Die Gestalt bewegte sich weiter auf mich zu und ich konnte einfach nur zitternd da stehen und sie anstarren. Dann ging die Tür auf, doch ich realisierte es gar nicht, bis plötzlich Remus vor mir stand. Ich schrie erneut auf, weil ich damit nicht gerechnet hatte und klammerte mich dann zittrig an seinem Arm fest. Ich verstand nicht, was er sagte. Wie sollte etwas nicht real sein, das so real aussah? Ich hatte das Gefühl er würde mich belügen. Schon wieder. Doch dann blickte ich zurück zu der Gestalt von Voldemort und statt ihm schwebte dort jetzt ein Mond.
Ich verstand gar nichts mehr. Mein Gehirn brauchte richtig lange, um diese Information zu verarbeiten. Das vor mir, das war gar nicht Voldemort gewesen. Es war ein Irrwicht. Remus hatte recht gehabt. Dass war nicht real. Aber mein Herz schlug immer noch rasend schnell. Denn langsam sickerte eine andere Information zu mir durch. Remus' Irrwicht war ein Vollmond.
Ich sog scharf die Luft ein, als mir letztendlich die Erkenntnis kam. Deswegen hatte er die Wunden an seinem Körper gehabt. Deswegen war er so oft krank. Wir hatten dieses Thema schon in Verteidigung gegen die dunklen Künste gehabt und jetzt ergab es alles Sinn für mich.

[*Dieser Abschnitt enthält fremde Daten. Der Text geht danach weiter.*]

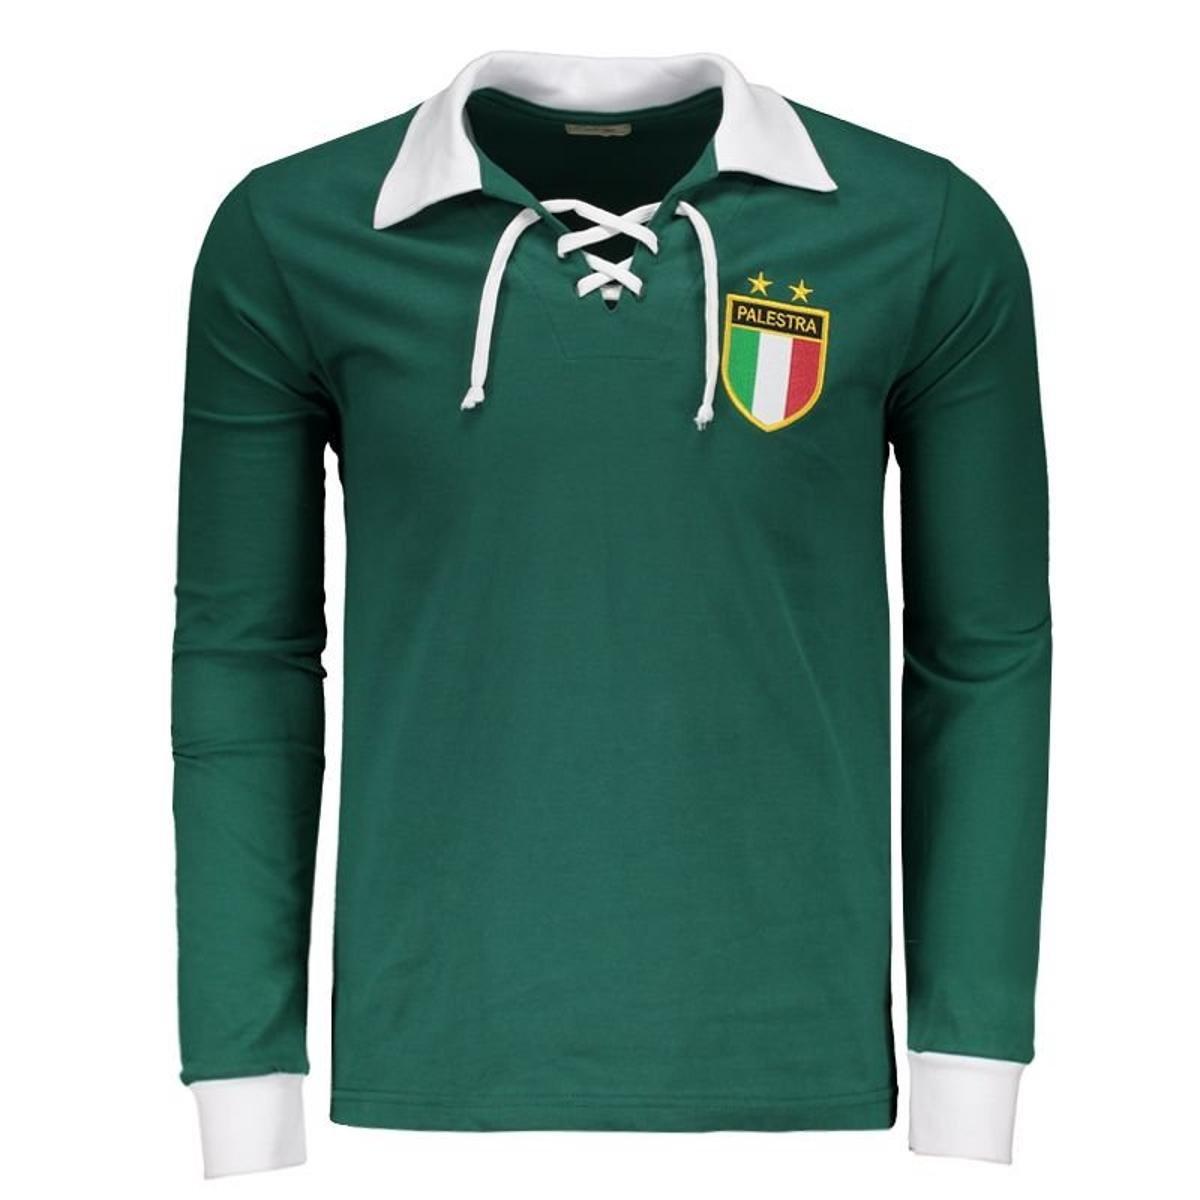 Camisa Palmeiras Retrô 1926 Manga Longa Masculina - Compre Agora ... 90441f60269ee

Ich hatte meine Hände immer noch um Remus Arm verkrampft, ließ jetzt jedoch davon ab und verschrenkte stattdessen meine Hand mit seiner. "Remus..", murmelte ich leise, legte meine Hand vorsichtig an seine Wange und drehte dann sein Gesicht weg von dem Irrwicht, den ich auch nicht mehr ansehen wollte, aus Angst, er würde sich wieder in meine Angst verwandeln. Dann zog ich ihn an der Hand, die ich immer noch hielt, mit mir nach draußen und verschloss die Tür mit einem "Colloportus.", damit niemand mehr rein kam und noch von einem Irrwicht überrascht wurde. Das würde ich später einem Lehrer melden, denn gerade spukten mir ganz andere Dinge im Kopf herum.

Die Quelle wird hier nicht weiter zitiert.